It's Official: 2015 Was the Hottest Year on Record by Far


(MENAFN- The Peninsula) This illustration obtained from NASA on January 20 2016 shows that 2015 was the warmest year since modern record-keeping began in 1880 according to a new analysis by NASA's Goddard Institute for Space Studies.

Washington: To say that 2015 was hot is an understatement. The average recorded temperature across the surface of the planet was so far above normal it set a record for setting records.

The year was more than a quarter of a degree Fahrenheit warmer than the last global heat record—set all the way back in 2014—according to National Oceanic and Atmospheric Administration figures released Wednesday. A quarter of a degree may not sound like much but on a planetary scale it's a huge leap. Most previous records were measured by hundredths of a degree.

A powerful El Niño is largely responsible for this year’s extremes but make no mistake: This is what global warming looks like. Fifteen of the hottest 16 years on record are in the 21st century. Temperatures are rising 10 times faster than during the bounce back from the last ice age. This animation shows the Earth’s warming climate recorded in monthly measurements from land and sea dating back to 1880. Temperatures are displayed in degrees above or below the 20th century average.

The heat of 2015 was relentless. Monthly records were broken for every month except January (second hottest) and April (third hottest) according to data from NOAA. The year ended with an exclamation point in December with the most extreme departure for any month on record.

Results from the world’s top monitoring agencies vary slightly but NASA NOAA the Japan Meteorological Agency and the U.K.'s Met Office are all in agreement: 2015 was unprecedented. The heat was experienced differently around the world but most regions were unusually warm to downright scorching for much of the year.

Up Next: More Broken Records

The El Niño weather pattern of 2015 produced some of the hottest temperatures ever witnessed across swaths of the equatorial Pacific. Across the globe El Niño triggered powerful typhoons spoiled cocoa harvests in Africa and contributed to vast fires in Indonesia. California is getting pummeled with floods and residents on the U.S. East Coast are bracing for an El-Niño fueled snow dump this weekend.

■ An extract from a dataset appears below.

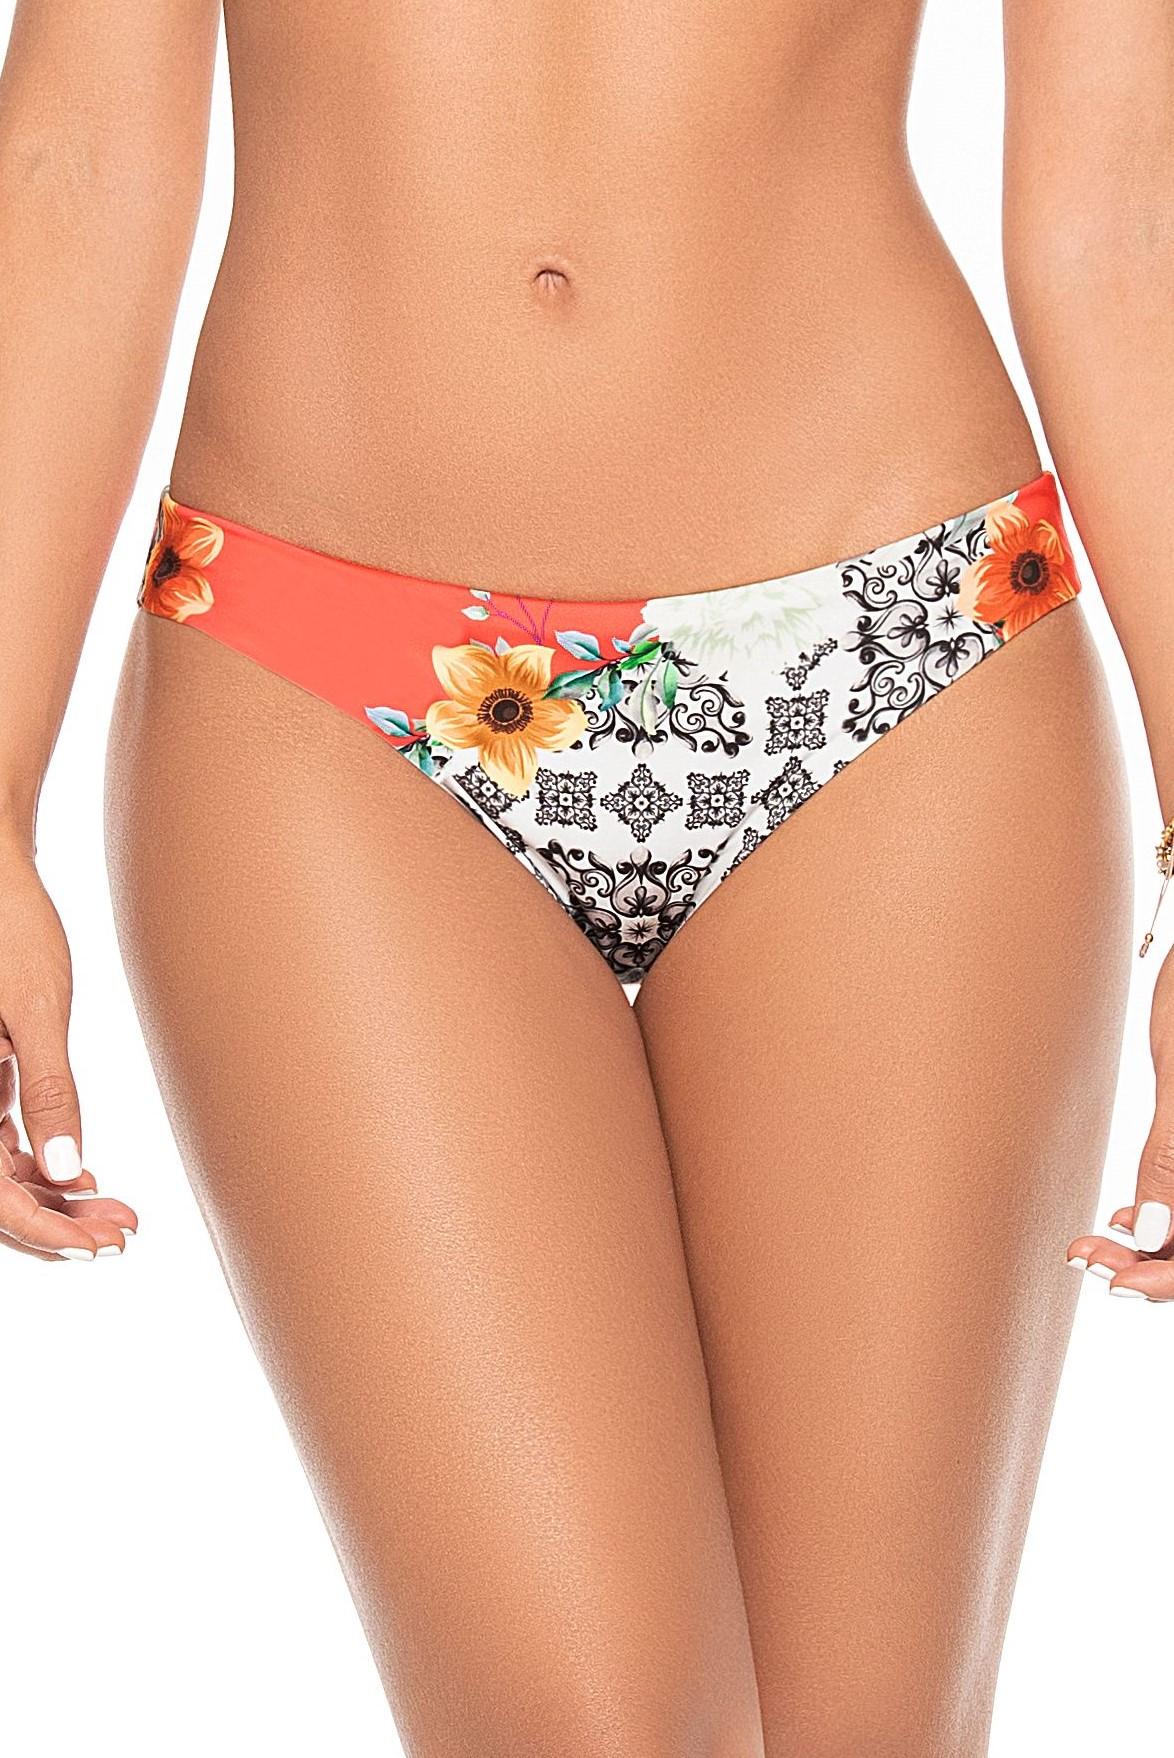 Phax Bella Austria Scrunch Bikini Bottom

El Niño has peaked but may carry on through late spring or early summer according to the U.S. Climate Prediction Center. The heat that’s dispersed into the atmosphere during an El Niño can linger which means 2016 could be yet another record hot year worldwide. But that's by no means certain.

The current El Nino has been a bit unusual in that it seemed to start in 2014 before faltering and re-emerging in 2015 said Kevin Trenberth a senior scientist at the National Center for Atmospheric Research in Boulder Colorado. As a result the warming that typically comes after an El Nino has probably already occurred Trenberth said. "If I had to guess 2015 will probably beat out 2016."

So 2016 might set another record. Or it might not. But one thing is certain: It won't be normal. Those days are behind us.